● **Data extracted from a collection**
---*---

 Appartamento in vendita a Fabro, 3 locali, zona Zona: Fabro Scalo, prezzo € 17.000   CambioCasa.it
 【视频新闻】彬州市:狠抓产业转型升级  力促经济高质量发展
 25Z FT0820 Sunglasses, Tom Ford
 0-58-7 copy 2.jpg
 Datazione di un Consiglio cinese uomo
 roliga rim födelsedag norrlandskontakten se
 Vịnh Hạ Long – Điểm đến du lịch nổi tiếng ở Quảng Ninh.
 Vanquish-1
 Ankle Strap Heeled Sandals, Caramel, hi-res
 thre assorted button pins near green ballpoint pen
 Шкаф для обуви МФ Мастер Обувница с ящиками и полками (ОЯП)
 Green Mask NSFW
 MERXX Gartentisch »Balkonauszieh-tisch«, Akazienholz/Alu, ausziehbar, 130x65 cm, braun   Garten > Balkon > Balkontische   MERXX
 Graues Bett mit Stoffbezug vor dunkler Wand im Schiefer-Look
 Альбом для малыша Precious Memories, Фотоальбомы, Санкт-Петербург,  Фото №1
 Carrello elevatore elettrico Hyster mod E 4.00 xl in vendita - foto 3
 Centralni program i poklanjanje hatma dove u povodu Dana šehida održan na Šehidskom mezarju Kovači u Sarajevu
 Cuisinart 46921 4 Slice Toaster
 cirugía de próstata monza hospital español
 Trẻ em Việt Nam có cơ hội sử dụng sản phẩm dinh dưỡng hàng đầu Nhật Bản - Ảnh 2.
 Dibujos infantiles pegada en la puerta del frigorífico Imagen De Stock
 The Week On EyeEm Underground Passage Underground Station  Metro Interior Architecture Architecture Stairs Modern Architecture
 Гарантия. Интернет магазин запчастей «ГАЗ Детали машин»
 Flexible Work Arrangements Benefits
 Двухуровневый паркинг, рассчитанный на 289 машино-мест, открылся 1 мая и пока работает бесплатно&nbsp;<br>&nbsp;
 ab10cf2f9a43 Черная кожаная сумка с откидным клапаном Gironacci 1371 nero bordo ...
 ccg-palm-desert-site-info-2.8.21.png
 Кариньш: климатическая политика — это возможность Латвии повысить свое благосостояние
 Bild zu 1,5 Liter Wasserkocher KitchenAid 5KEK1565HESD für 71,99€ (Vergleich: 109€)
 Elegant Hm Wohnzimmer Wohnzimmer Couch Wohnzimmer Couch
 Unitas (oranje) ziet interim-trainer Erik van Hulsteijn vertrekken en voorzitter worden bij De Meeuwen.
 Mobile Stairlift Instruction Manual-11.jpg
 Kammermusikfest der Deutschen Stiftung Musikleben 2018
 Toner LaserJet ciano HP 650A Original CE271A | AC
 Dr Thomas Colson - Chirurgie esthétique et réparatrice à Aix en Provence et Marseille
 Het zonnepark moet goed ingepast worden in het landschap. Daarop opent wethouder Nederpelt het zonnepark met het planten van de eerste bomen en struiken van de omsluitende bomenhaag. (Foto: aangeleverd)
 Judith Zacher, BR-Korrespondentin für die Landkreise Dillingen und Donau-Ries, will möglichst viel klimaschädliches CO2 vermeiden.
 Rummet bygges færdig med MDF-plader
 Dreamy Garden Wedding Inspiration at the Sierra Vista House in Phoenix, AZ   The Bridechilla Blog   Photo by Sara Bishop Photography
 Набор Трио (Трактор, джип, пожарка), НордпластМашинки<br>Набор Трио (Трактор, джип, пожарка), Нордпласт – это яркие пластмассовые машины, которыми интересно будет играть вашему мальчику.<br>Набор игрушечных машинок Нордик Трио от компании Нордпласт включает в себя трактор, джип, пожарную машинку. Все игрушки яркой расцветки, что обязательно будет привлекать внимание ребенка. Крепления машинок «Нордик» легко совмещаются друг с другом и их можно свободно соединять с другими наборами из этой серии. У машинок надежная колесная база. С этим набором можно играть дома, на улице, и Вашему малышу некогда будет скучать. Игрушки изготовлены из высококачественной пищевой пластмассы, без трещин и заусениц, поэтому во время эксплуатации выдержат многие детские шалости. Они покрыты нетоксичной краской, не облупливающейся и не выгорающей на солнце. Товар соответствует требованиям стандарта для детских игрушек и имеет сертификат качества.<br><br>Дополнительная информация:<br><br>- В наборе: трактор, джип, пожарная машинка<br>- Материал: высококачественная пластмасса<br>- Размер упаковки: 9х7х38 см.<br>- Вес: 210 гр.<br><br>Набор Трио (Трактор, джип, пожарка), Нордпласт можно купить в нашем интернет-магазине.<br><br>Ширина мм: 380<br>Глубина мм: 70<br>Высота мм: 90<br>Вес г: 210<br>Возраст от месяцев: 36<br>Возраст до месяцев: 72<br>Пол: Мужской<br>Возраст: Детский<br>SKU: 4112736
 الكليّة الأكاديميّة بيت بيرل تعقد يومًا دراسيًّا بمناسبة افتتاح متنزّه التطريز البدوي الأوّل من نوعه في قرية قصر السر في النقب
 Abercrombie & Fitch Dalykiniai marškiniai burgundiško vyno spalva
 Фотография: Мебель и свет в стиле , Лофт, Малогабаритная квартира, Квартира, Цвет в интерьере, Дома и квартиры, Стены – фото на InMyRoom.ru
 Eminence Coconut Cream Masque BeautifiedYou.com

---*---

● **PROBLEM DESCRIPTION**
Where does "vendita" appear in the records above? Copy each line that holds it.

● **REPLY**
 Appartamento in vendita a Fabro, 3 locali, zona Zona: Fabro Scalo, prezzo € 17.000   CambioCasa.it
 Carrello elevatore elettrico Hyster mod E 4.00 xl in vendita - foto 3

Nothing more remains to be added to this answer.